FLASH_BLOCK_SIZE = 64 * 1024


def read_field(data, offset):
    return data[offset + 3] | data[offset + 2] << 8 | data[offset + 1] << 16 | data[offset] << 24


if __name__ == '__main__':
    if len(sys.argv) != 3:
        print('Usage: {} <input-image> <output-image>'.format(sys.argv[0]))
        sys.exit(1)

    with open(sys.argv[1], 'rb') as f:
        data = f.read()

    file_len = len(data)

    # File-len in fdt header at offset 0x4
    file_len_hdr = read_field(data, 0x4)
    # String offset in fdt header at offset 0xc
    str_off = read_field(data, 0xc)

    print("file_len={} hdr_file_len={} str_off={}".format(file_len, file_len_hdr, str_off))

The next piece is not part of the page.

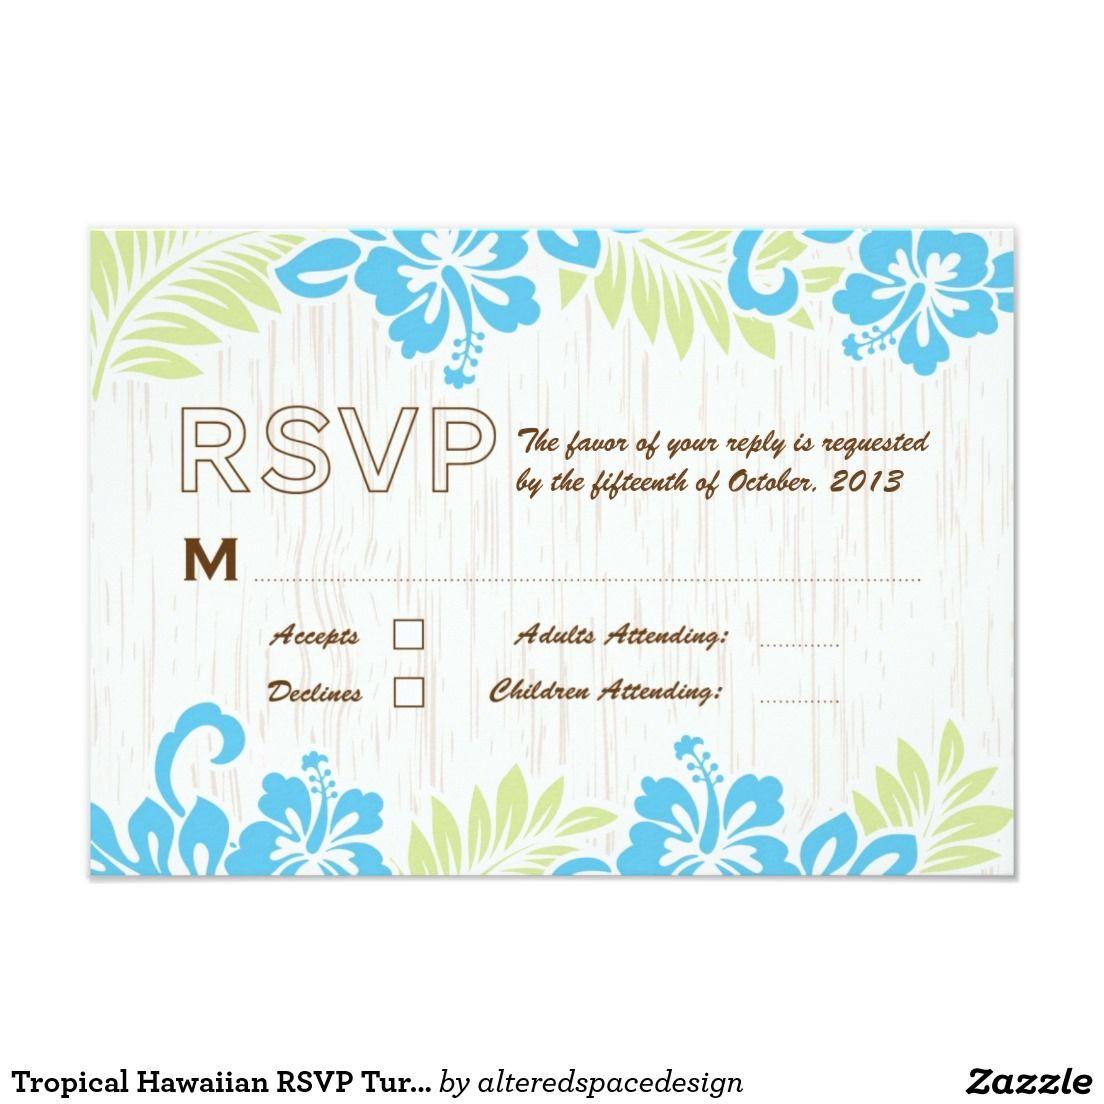 Tropical Hawaiian RSVP Turquoise Card | Beach wedding invitations ...

    # Off to NETGEAR calculations - Taken from u-boot source (cmd_dni.c:2145)
    #
    # rootfs_addr = (ntohl(hdr->ih_size)/CONFIG_SYS_FLASH_SECTOR_SIZE+1) * CONFIG_SYS_FLASH_SECTOR_SIZE +
    #               2*sizeof(image_header_t)-sizeof(image_header_t);
    # rootfs_addr = rootfs_addr - (0x80 - mem_addr);

    # NETGEAR did fuck up badly. The image uses a FIT header, while the calculation is done on a legacy header
    # assumption. 'ih_size' matches 'off_dt_strings' of a fdt_header.
    # From my observations, this seems to be fixed on newer bootloader versions.
    # However, we need to be compatible with both.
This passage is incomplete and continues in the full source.